■ Your goal ■
Repeat the following data exactly, omitting pictures.

■ Dataset content ■
★ ★ ★ ★
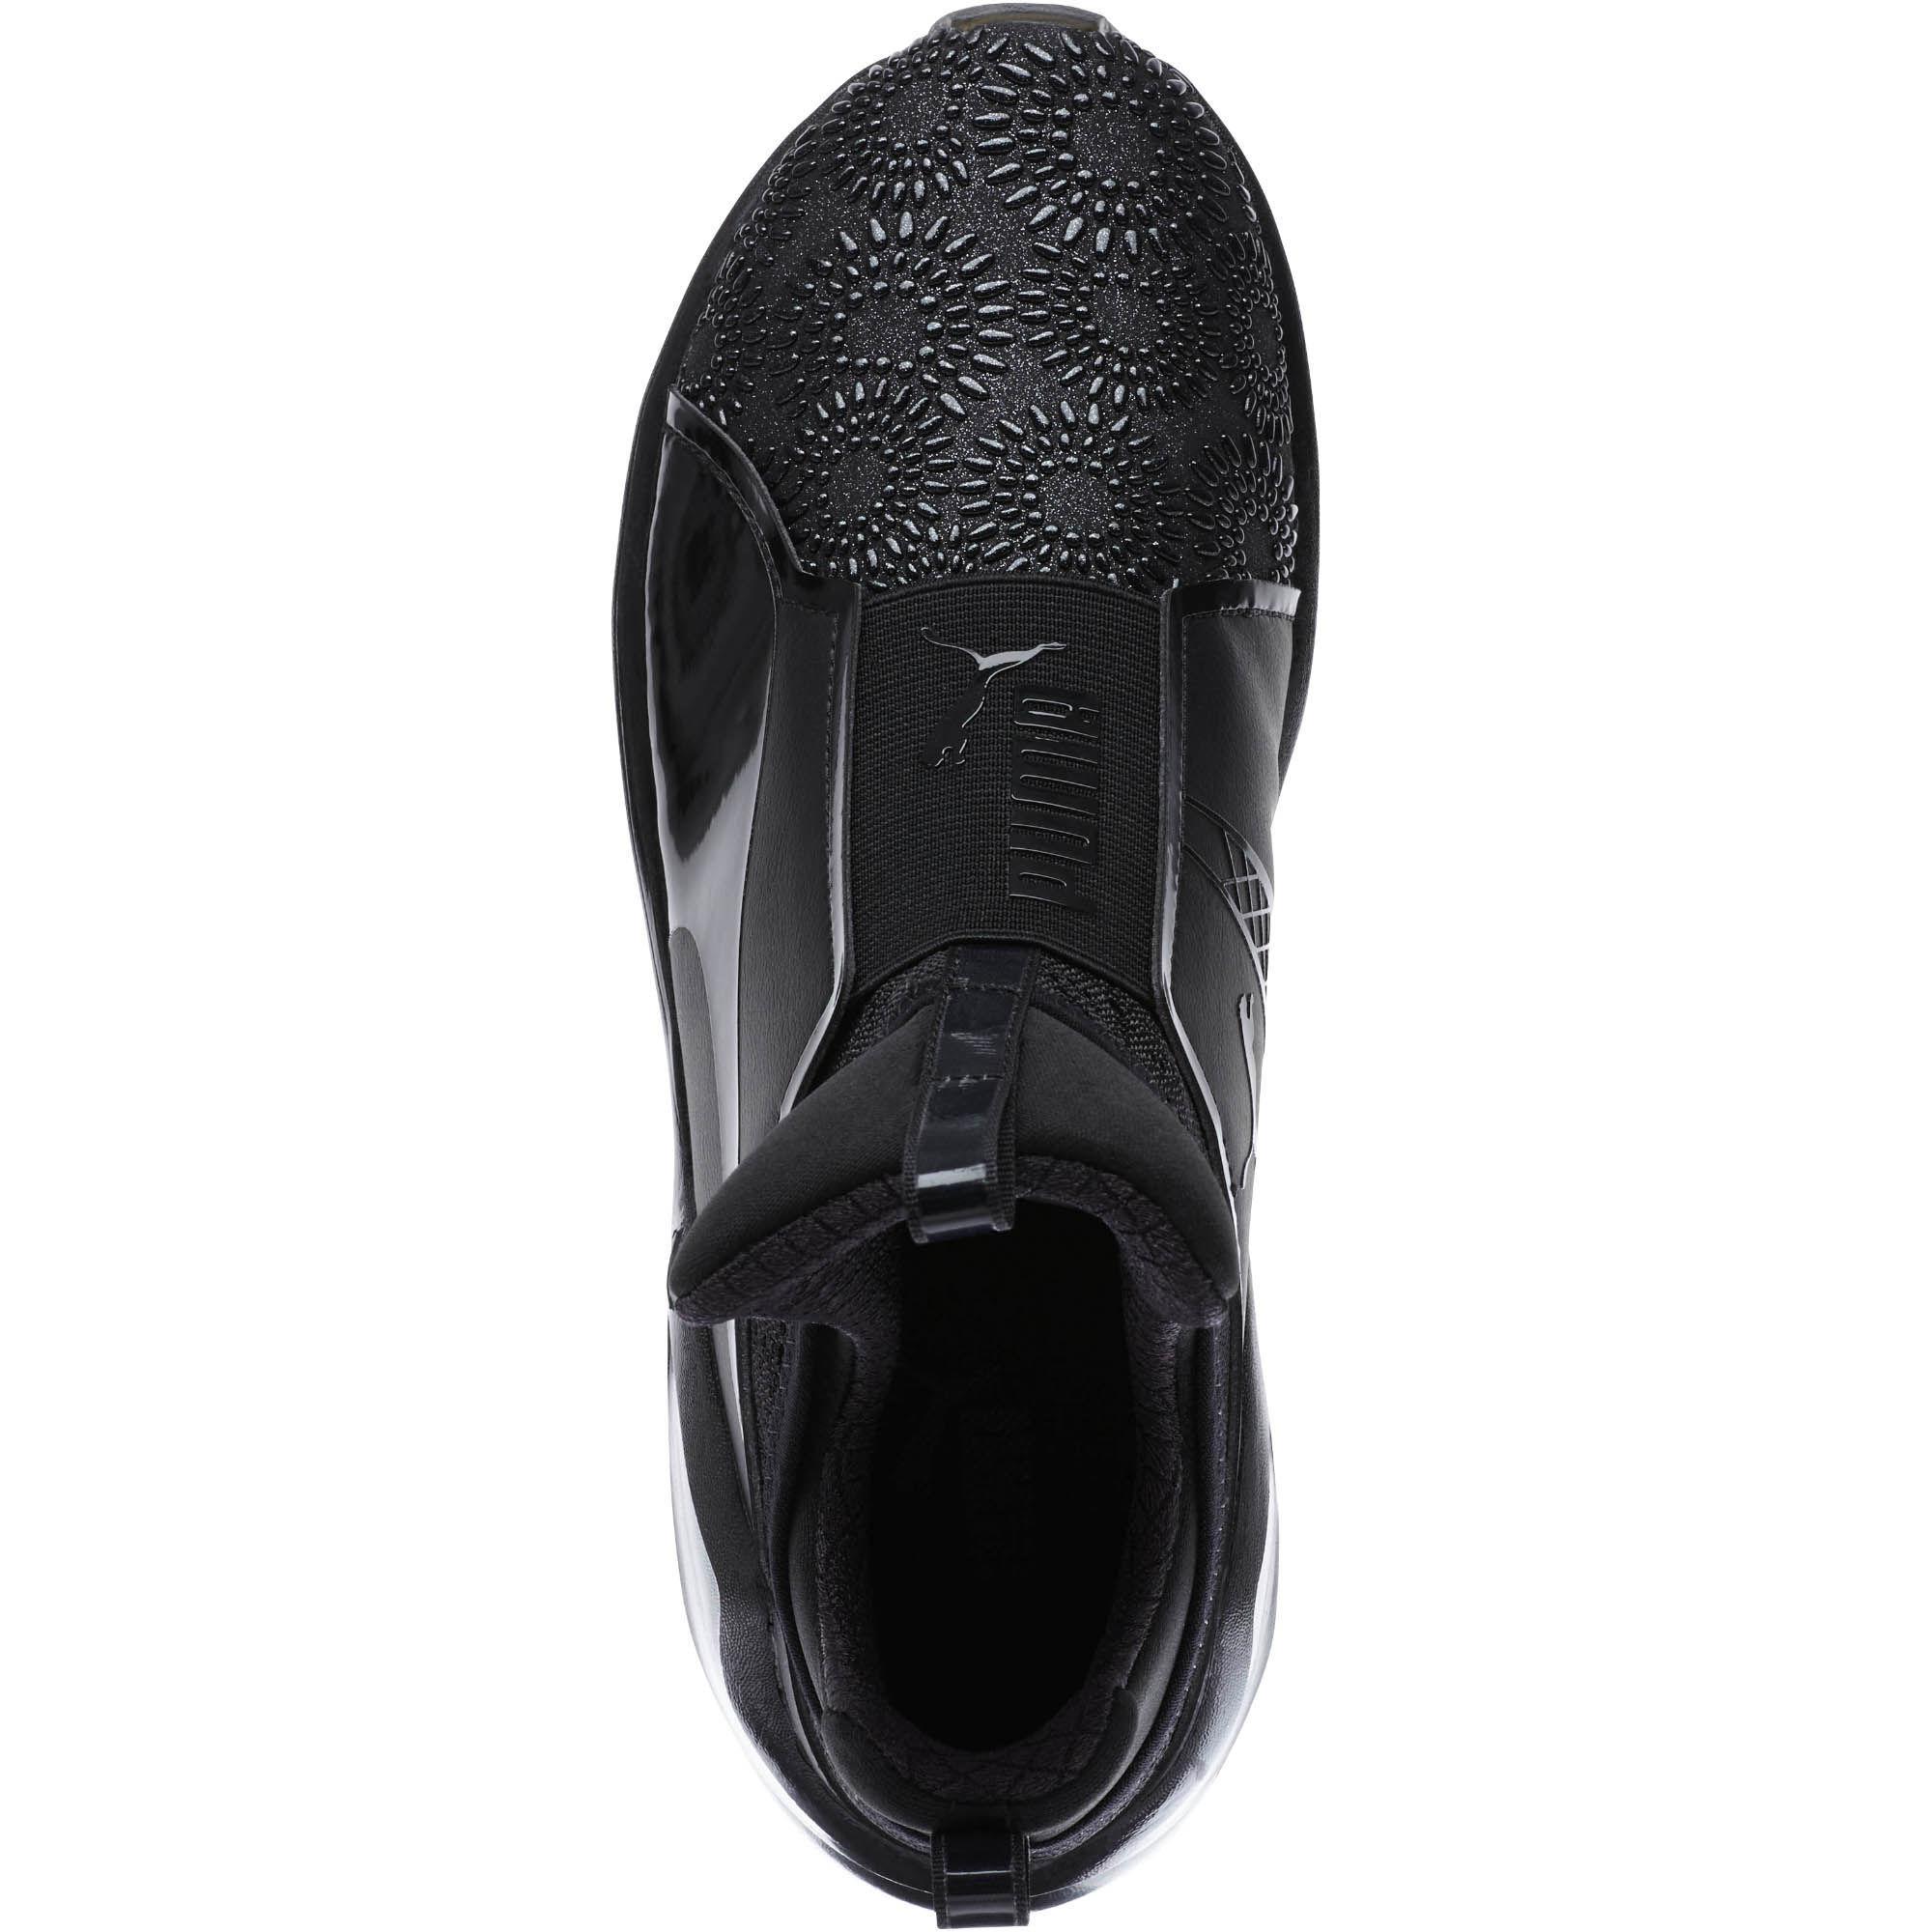 c3fa306e1055 Lyst - PUMA Fierce Kurim Women s Training Shoes
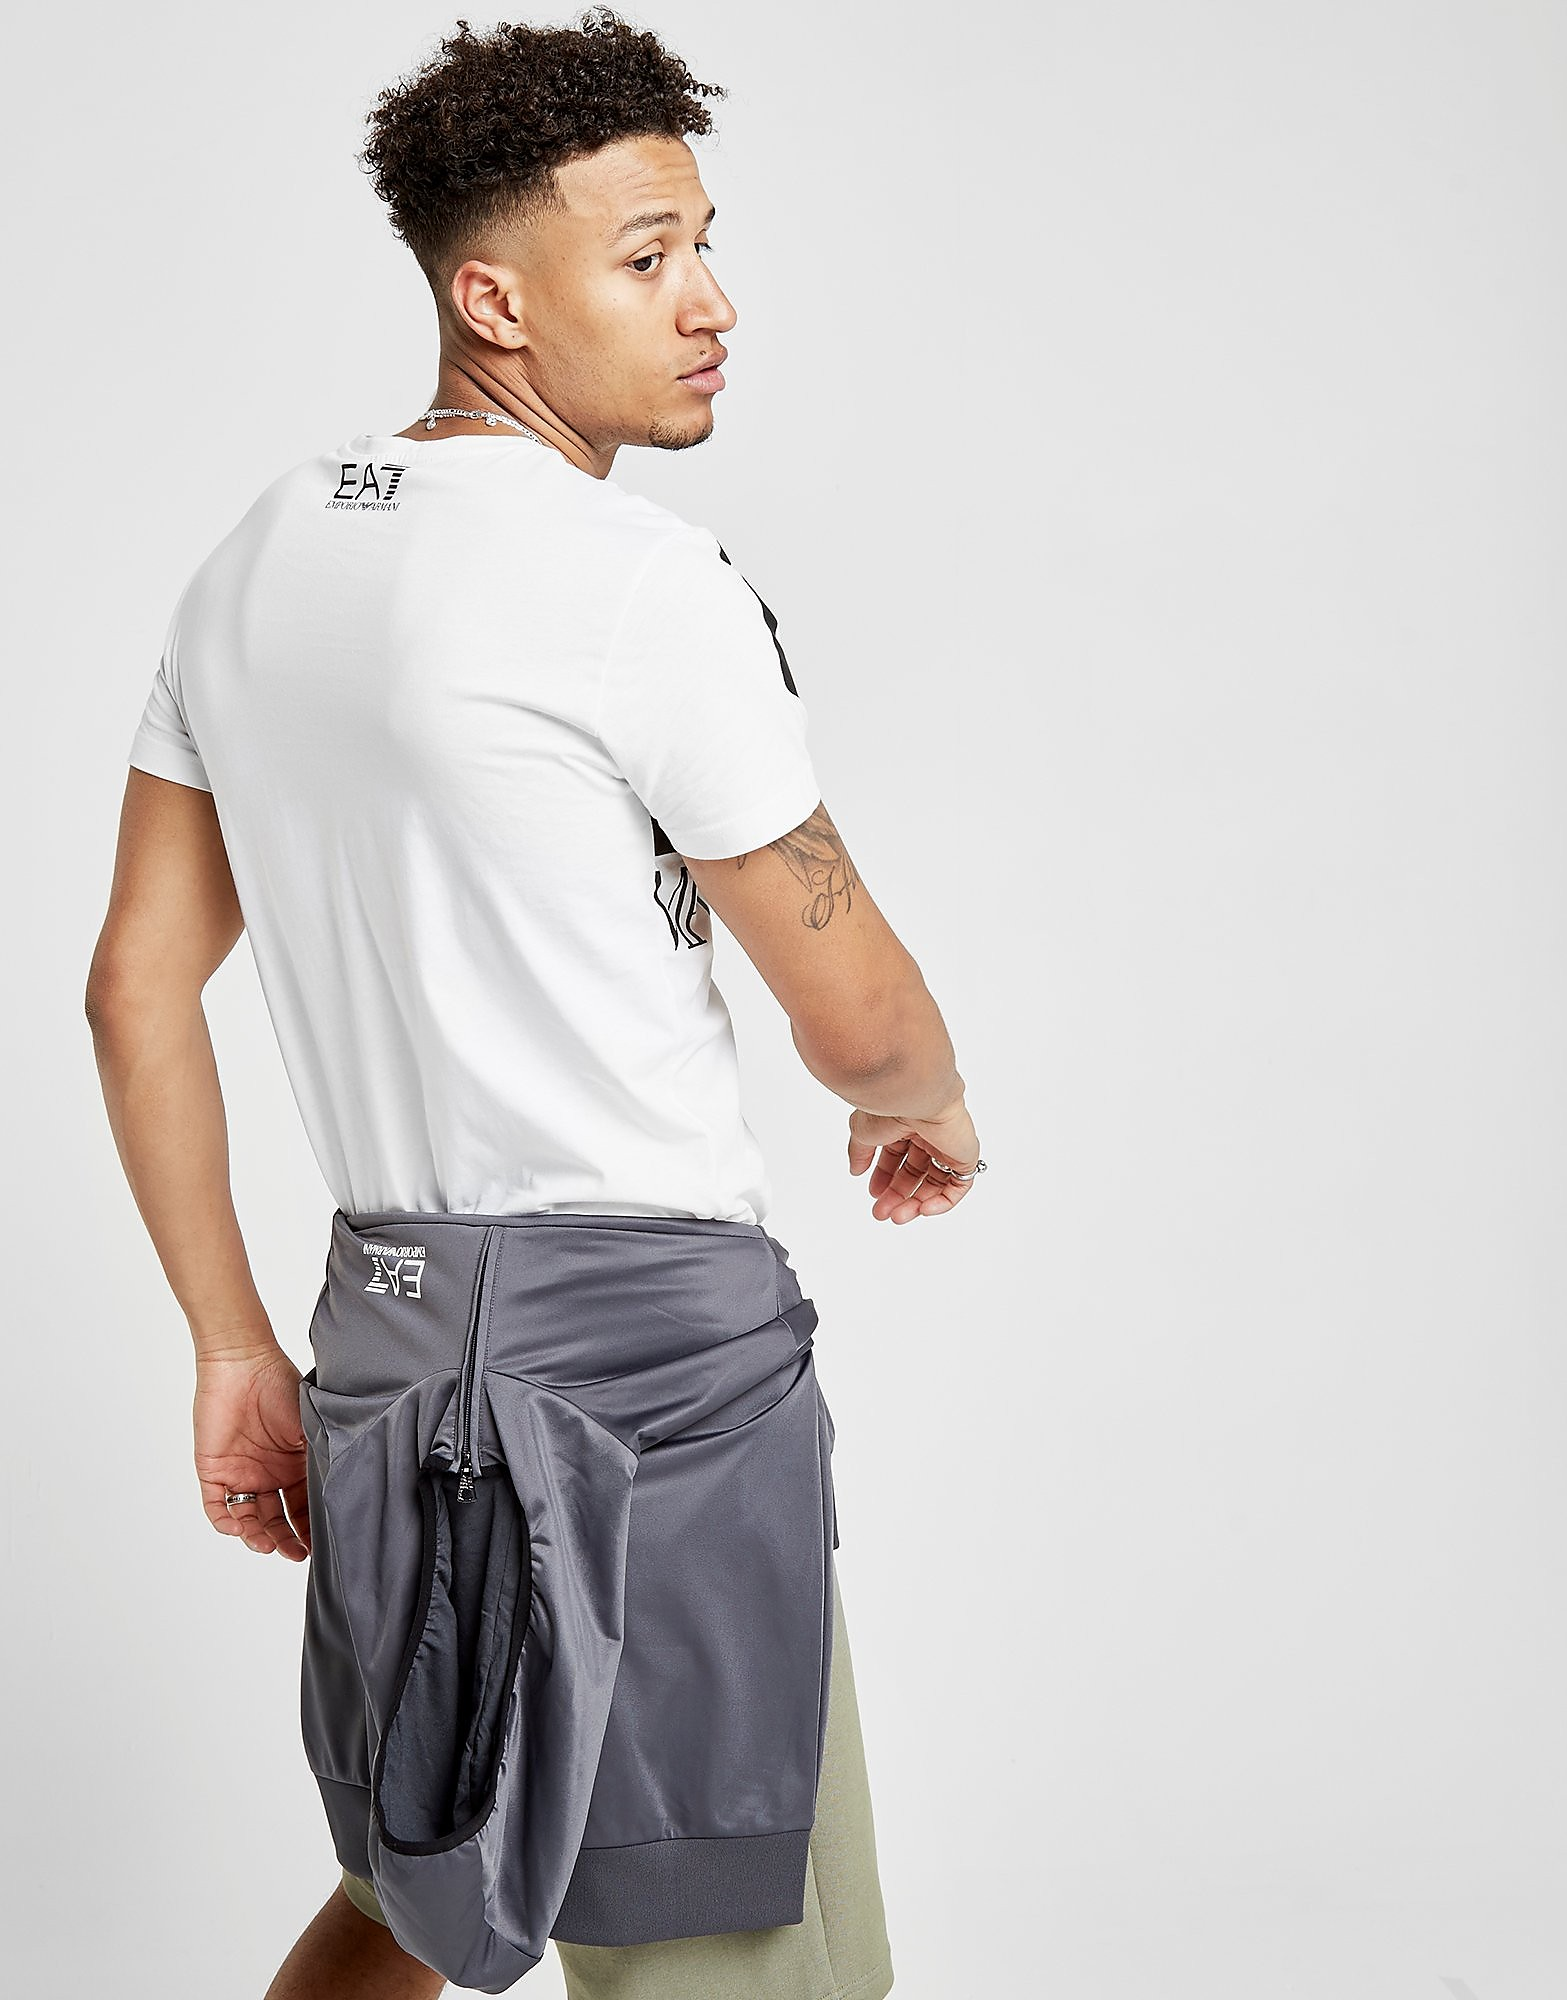 Emporio Armani EA7 Large All Over Brand T-Shirt
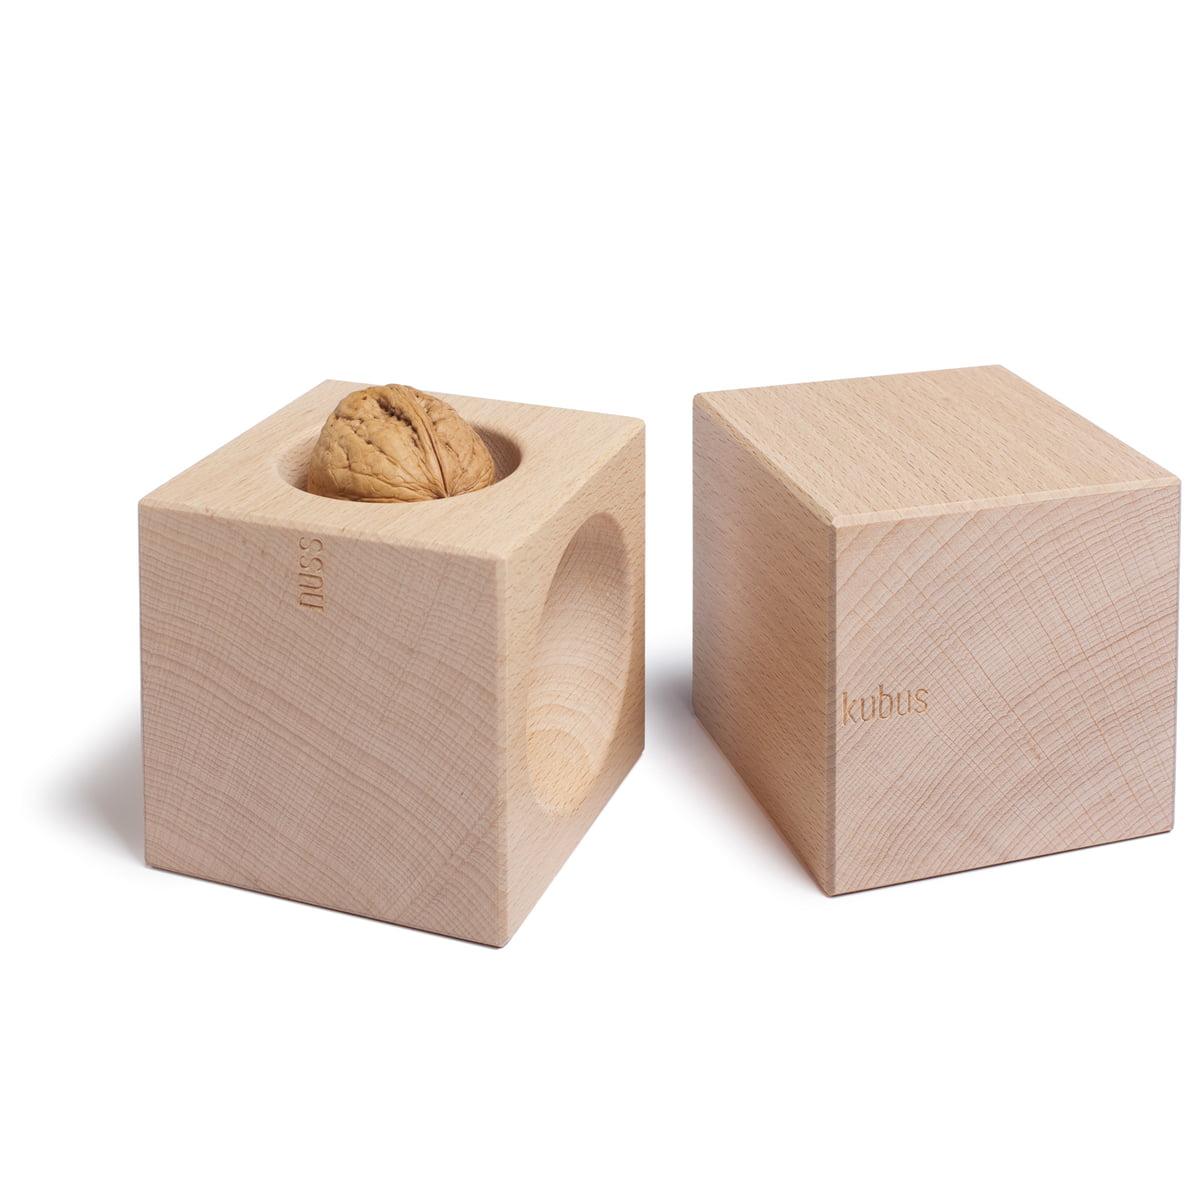 nusskubus nussknacker siebensachen shop. Black Bedroom Furniture Sets. Home Design Ideas
★ ★ ★ ★
■ Task output ■
 c3fa306e1055 Lyst - PUMA Fierce Kurim Women s Training Shoes
 Emporio Armani EA7 Large All Over Brand T-Shirt
 nusskubus nussknacker siebensachen shop. Black Bedroom Furniture Sets. Home Design Ideas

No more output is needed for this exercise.